At that point all we had to do is create a build file, which is pretty simple, build, and run. To our utter shock, it actually worked! The game was fully playable, as can be observed here (yes, this is running the decompiled C code, not the emulator):

It really felt like all prior effort had paid off! We had automatically generated a playable, not emulated (!!!), Apple II game, with just three simple steps! (Of course this is still far from the readable decompiled C that we are aiming for, but it is certainly encouraging). 
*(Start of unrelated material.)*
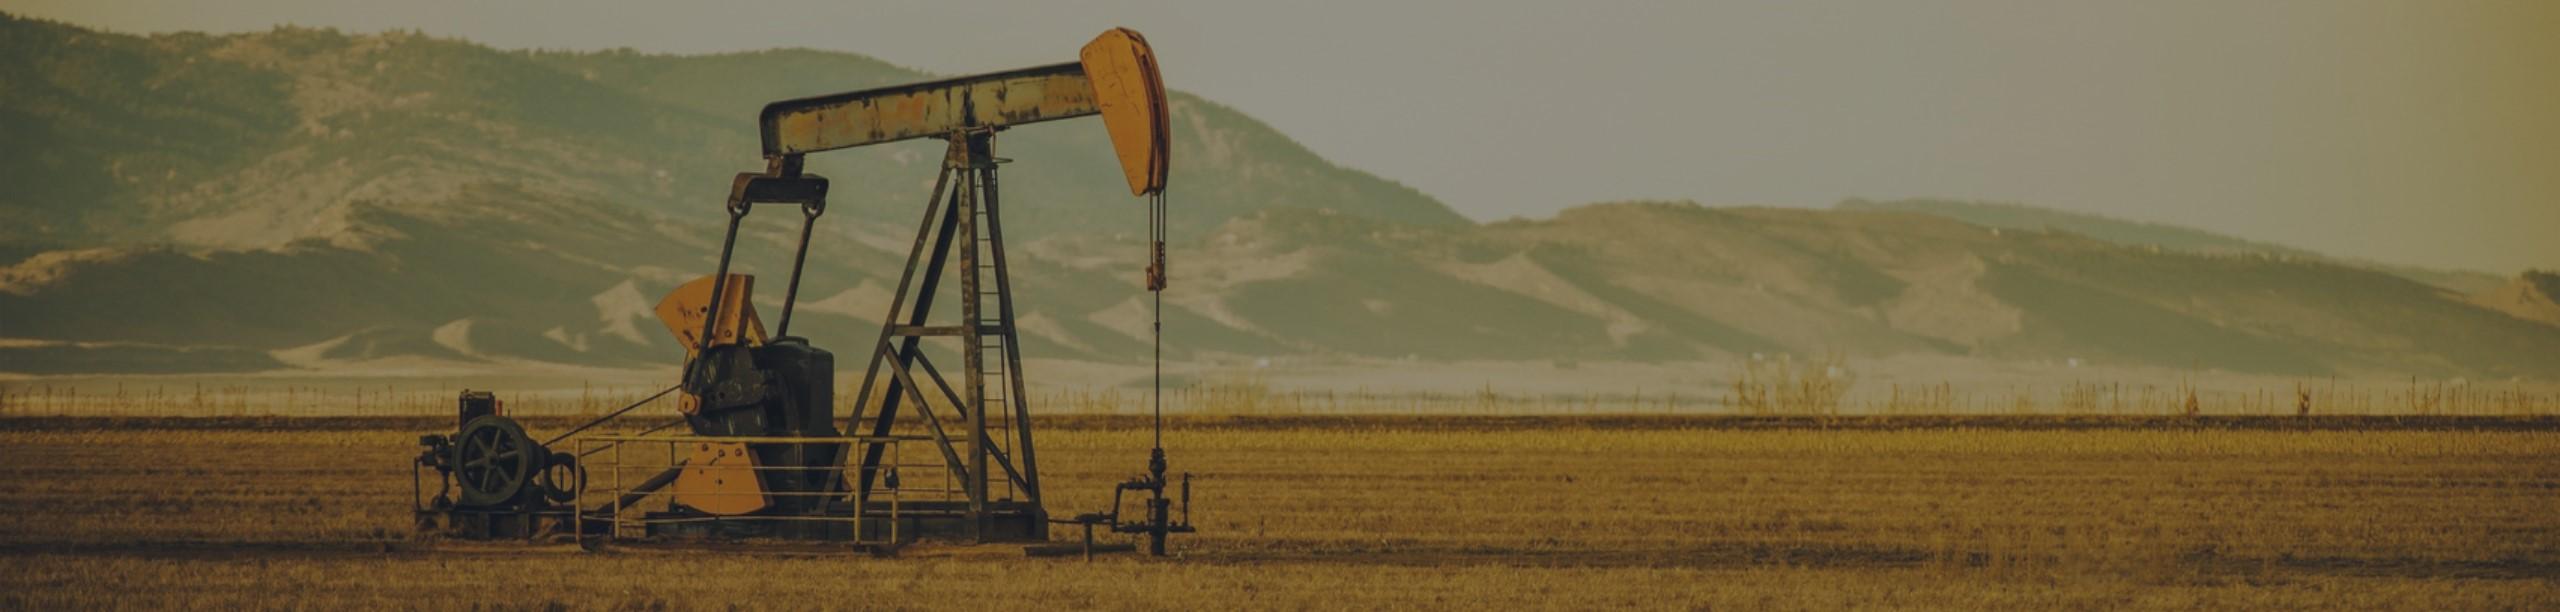 Oil1-4

After the euphoria wore off and we played the decompiled game a few more times, we found that it would crash, if instead of pressing spacebar right away, we waited for title screen to finish. The real game prints some back story, descriptions of enemies, etc. Our decompiled version just crashed with Unknown code address: $FCA8.

The unknown address $FCA8 is in ROM. The game apparently relies on Apple II ROM routines. In fact the decompiler had already detected it and printed a warning along with another one for $FB1E. We, naturally, had ignored the warnings, because who has time for that...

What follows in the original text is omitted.